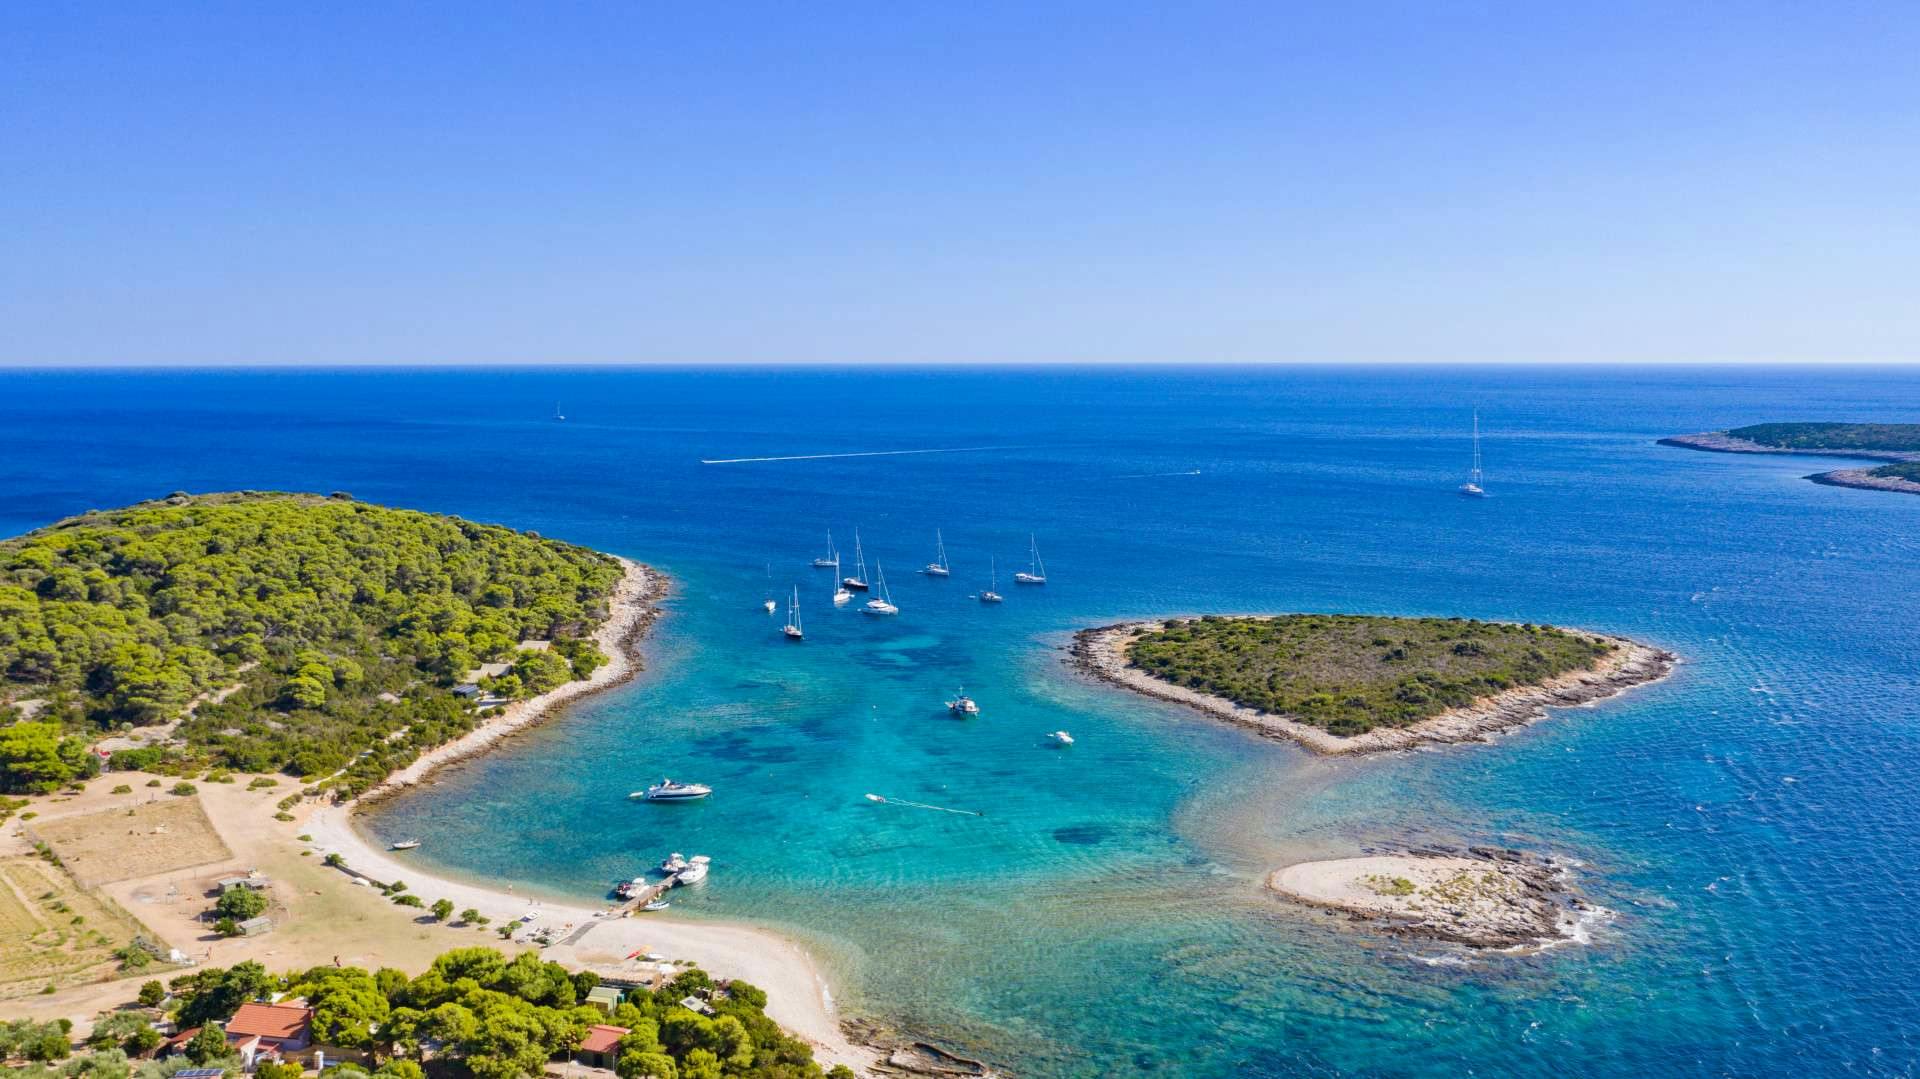 ISOLA DI BUDIKOVAC:

Questa splendida baia turchese è la nostra sosta per nuotare dove puoi prendere il sole o nuotare con l'attrezzatura per lo snorkeling.
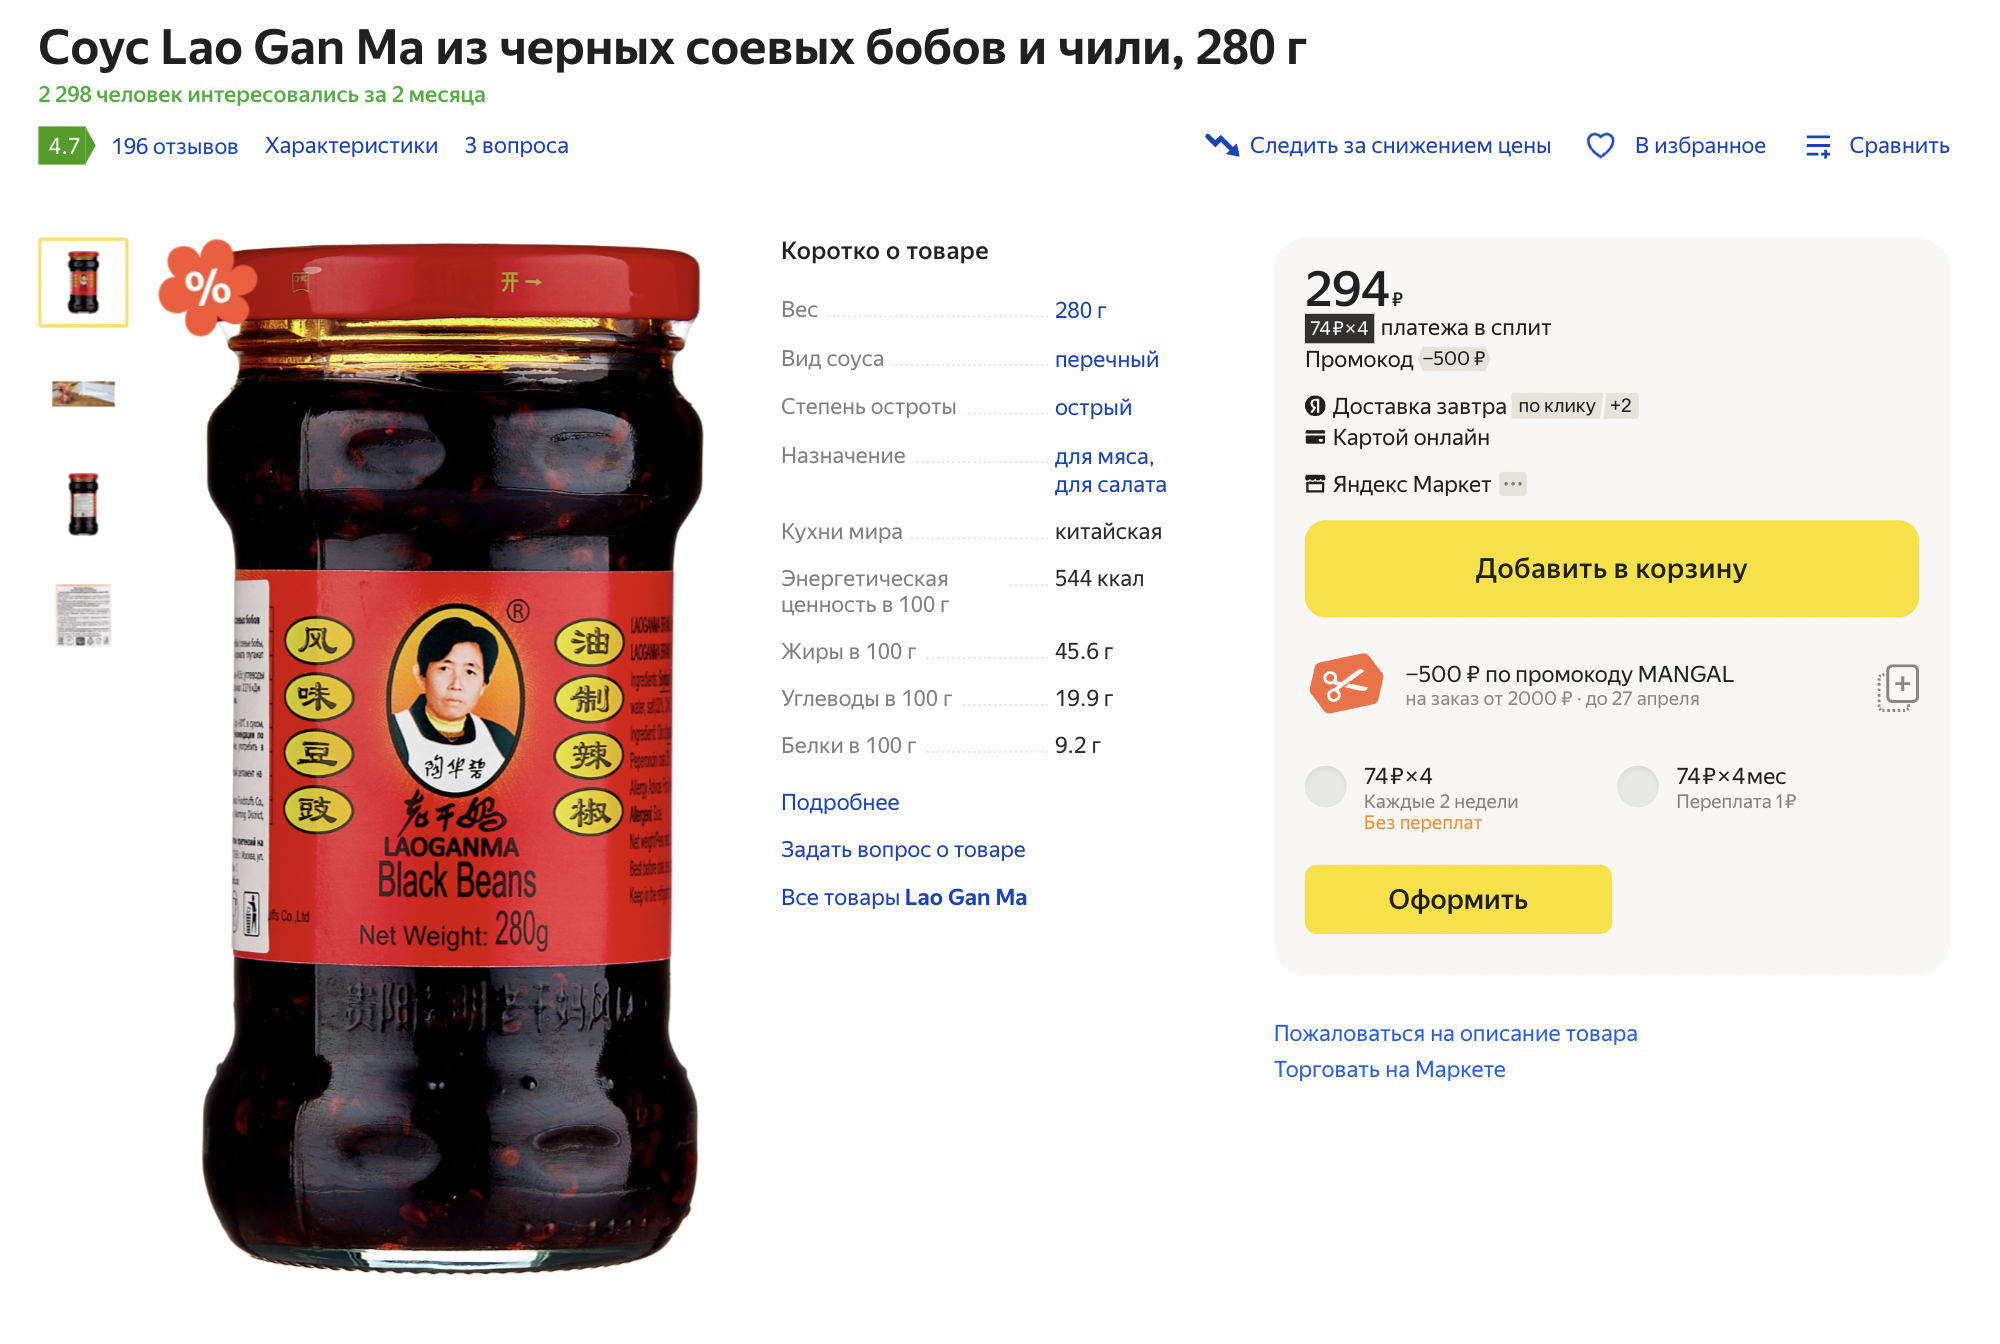 Этот вариант соуса менее острый и более хрустящий. Источник: market.yandex.ru
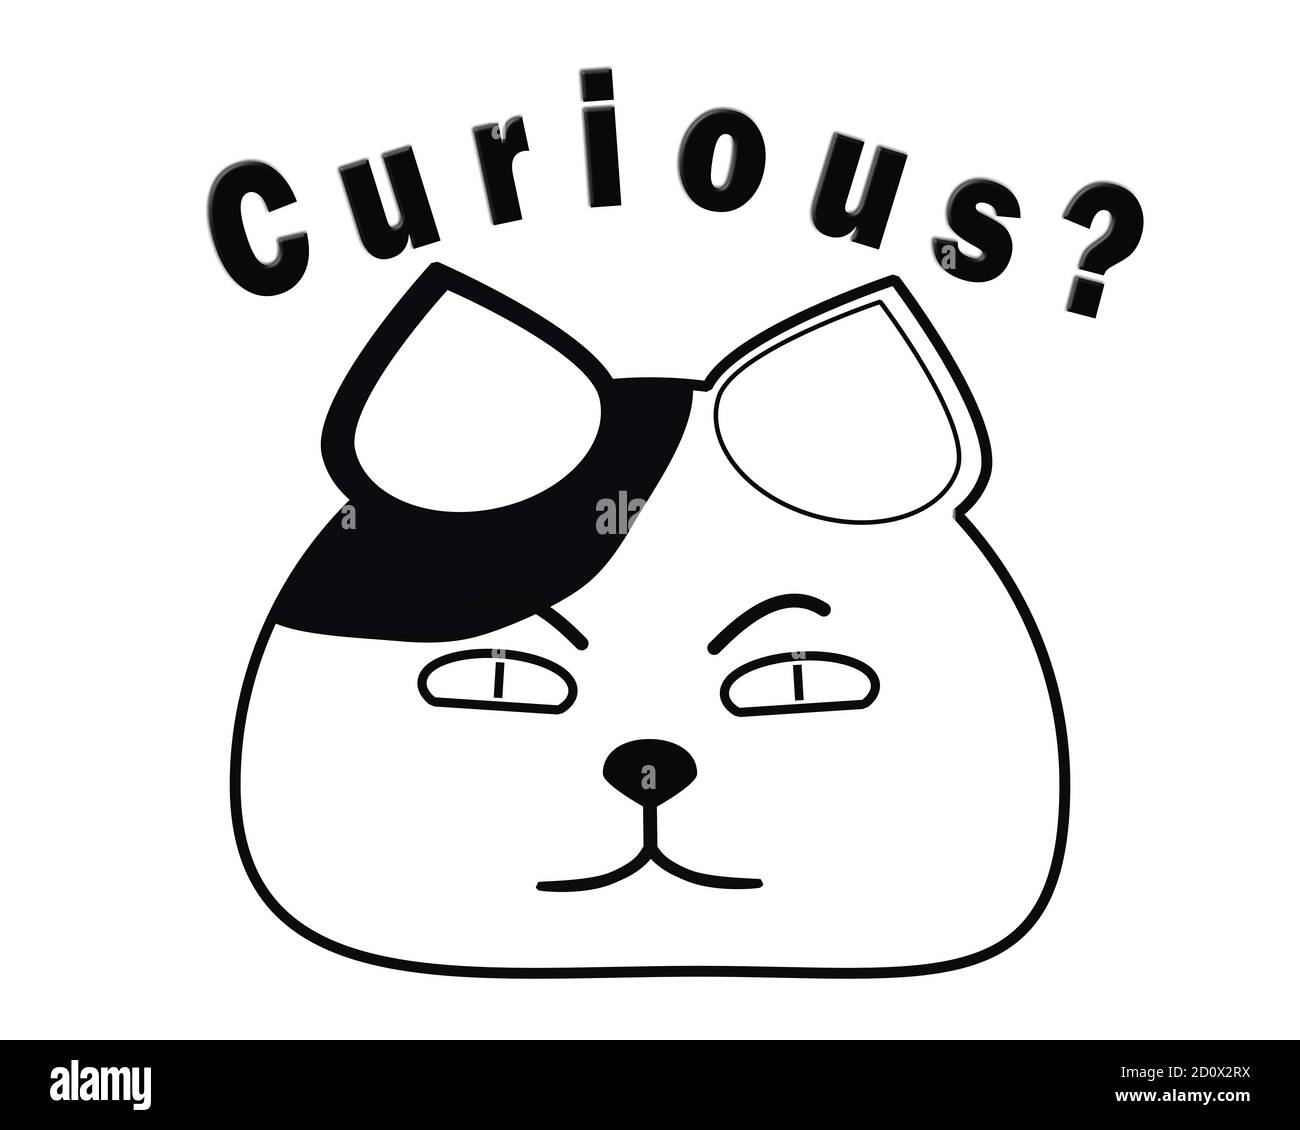 Gato curioso - la ilustración del concepto de la educación representa gato gordo con curiosidad insaciable para aprender. Foto de stock
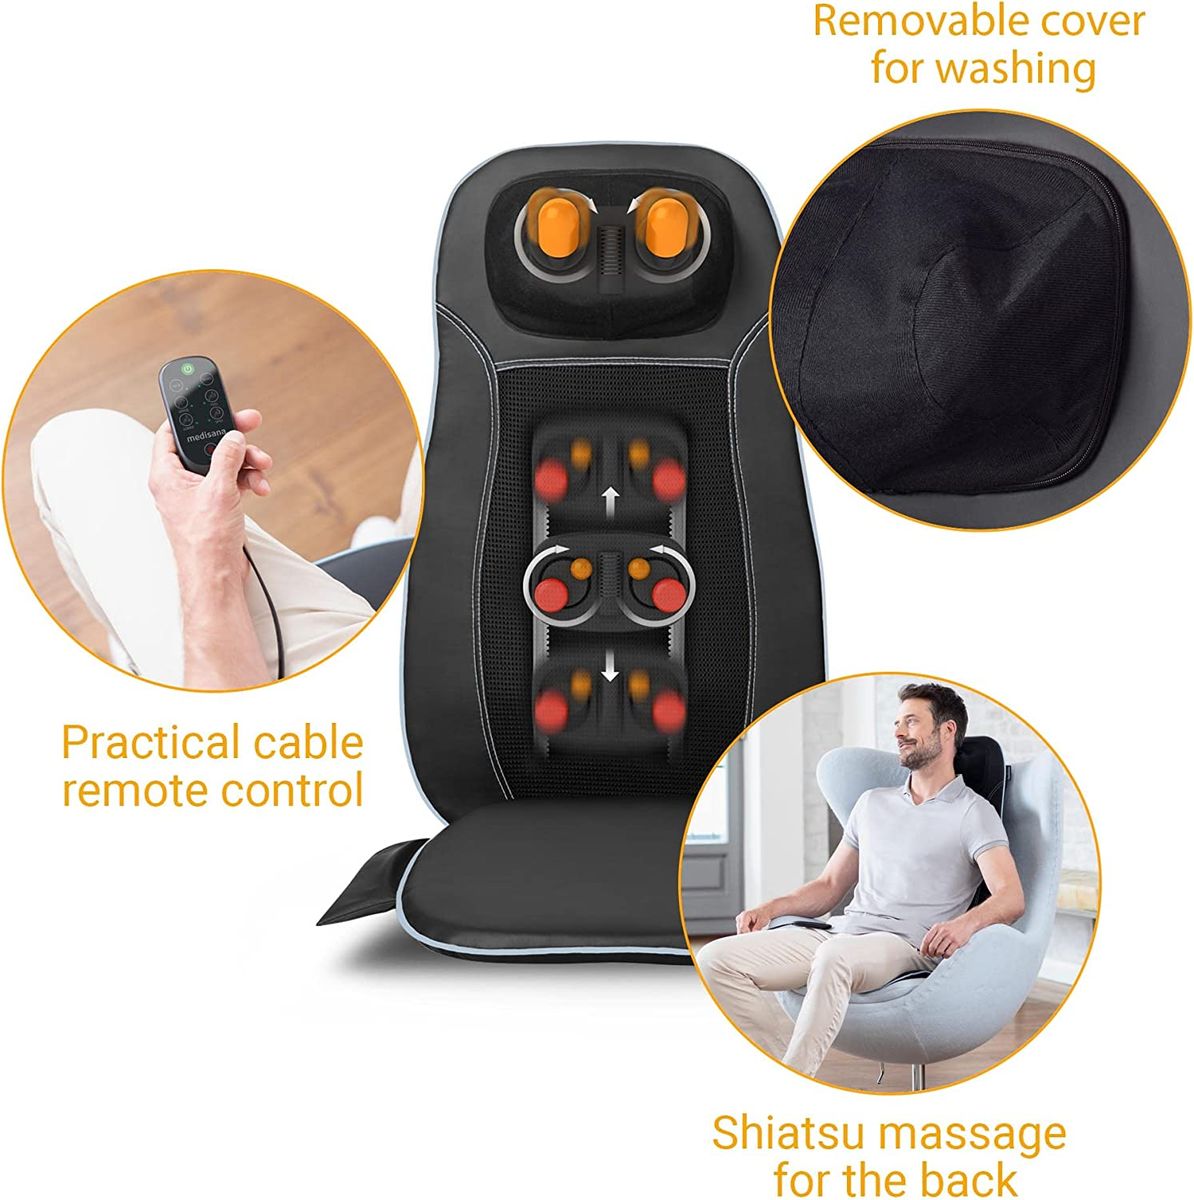 medisana MCN Shiatsu Massageauflage für Rücken Nacken Massagesitzauflage  Spotmassage Nackenmassage Wärmefunktion 3 Intensitäten Rotlichtfunktion  Fernbedienung Einheitsgröße

※ ※ ※

The answer must be an exact copy of every record above, minus the pictures.

*Result for this exercise*
 ISOLA DI BUDIKOVAC:

Questa splendida baia turchese è la nostra sosta per nuotare dove puoi prendere il sole o nuotare con l'attrezzatura per lo snorkeling.
 Этот вариант соуса менее острый и более хрустящий. Источник: market.yandex.ru
 Gato curioso - la ilustración del concepto de la educación representa gato gordo con curiosidad insaciable para aprender. Foto de stock
 medisana MCN Shiatsu Massageauflage für Rücken Nacken Massagesitzauflage  Spotmassage Nackenmassage Wärmefunktion 3 Intensitäten Rotlichtfunktion  Fernbedienung Einheitsgröße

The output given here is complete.